DATA:
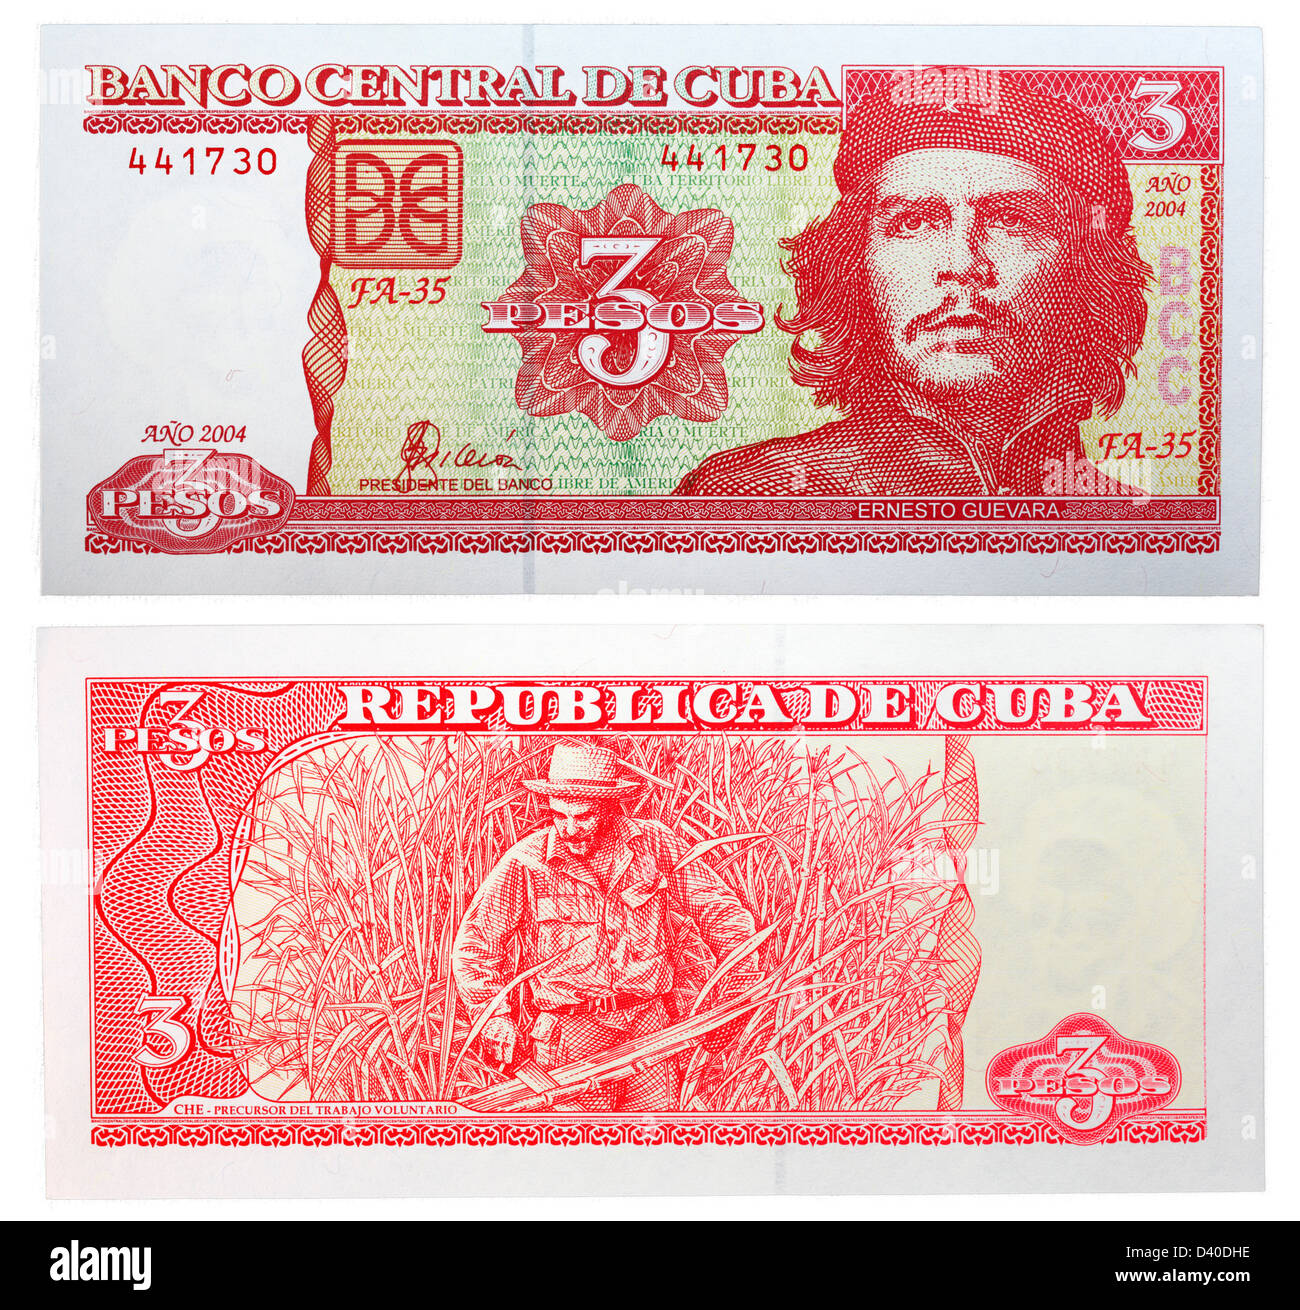 3 Pesos banknote, Che Guevara in sugar cane field, Cuba, 2004 Stock Photo
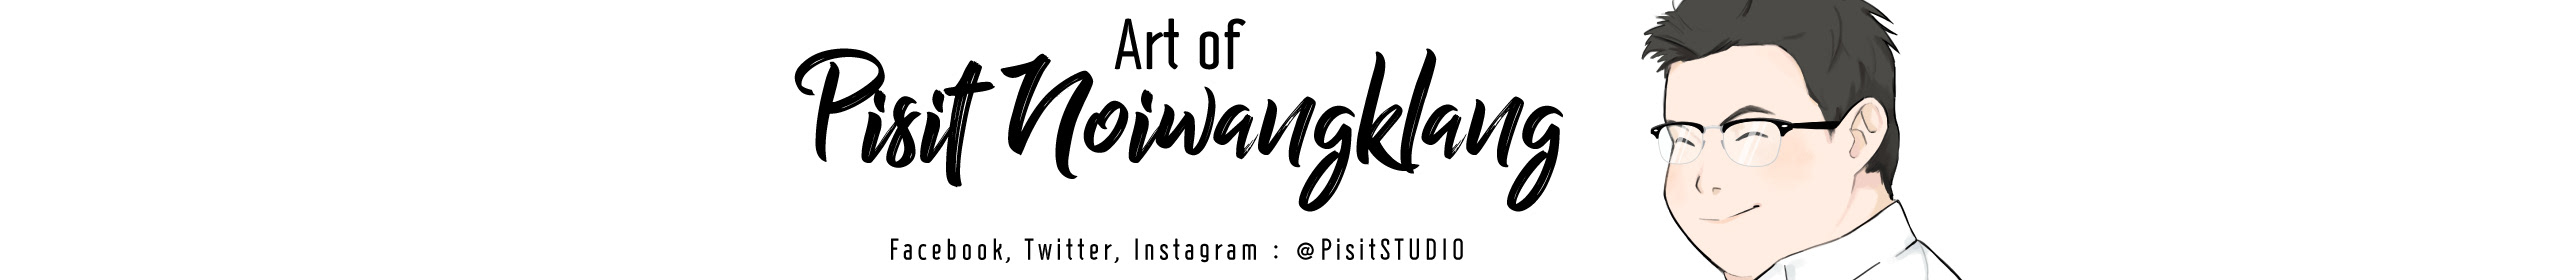 Banner de perfil de Pisit Noiwangklang
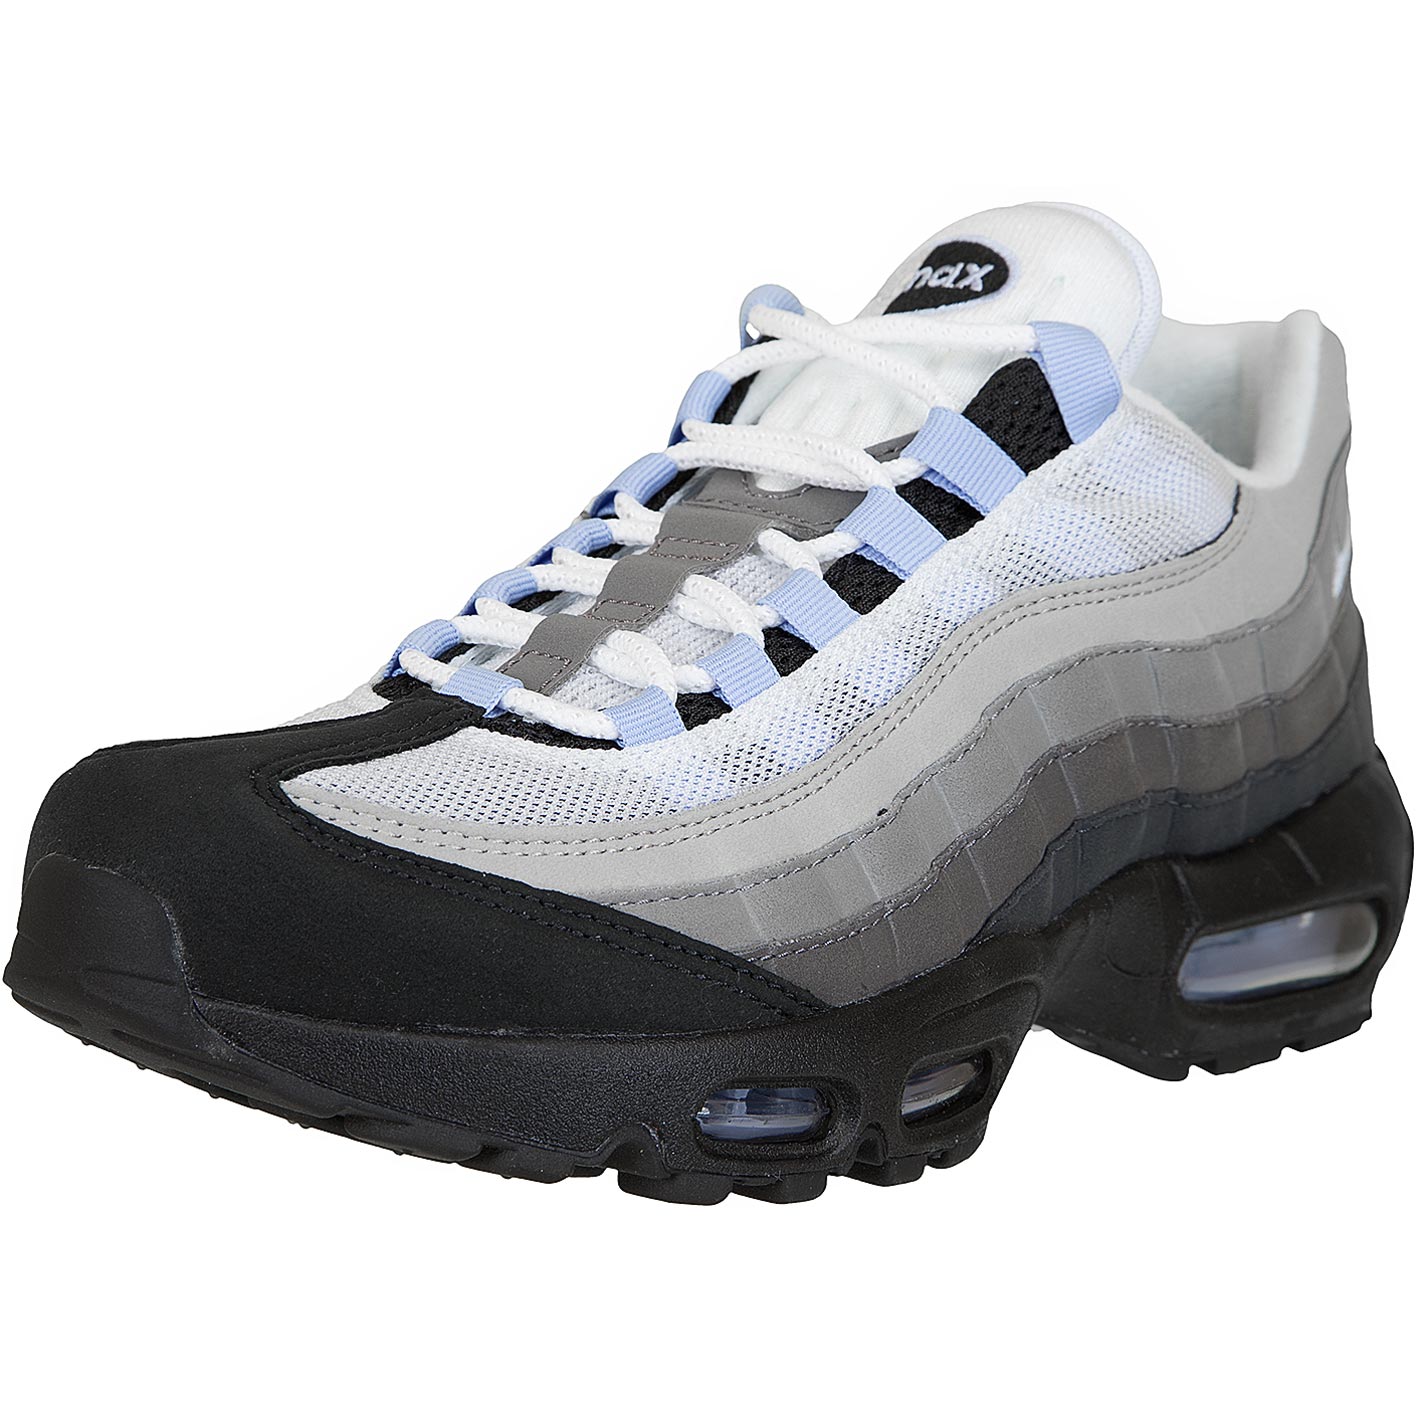 ☆ Nike Sneaker Air Max 95 schwarz/weiß/grau - hier bestellen!

WORK INSTRUCTION: With the pictures removed, write out exactly the lines from the line containing "Banner de perfil de Pisit Noiwangklang" through the last line of the material above, both included.

TASK ANSWER:
 Banner de perfil de Pisit Noiwangklang
 ☆ Nike Sneaker Air Max 95 schwarz/weiß/grau - hier bestellen!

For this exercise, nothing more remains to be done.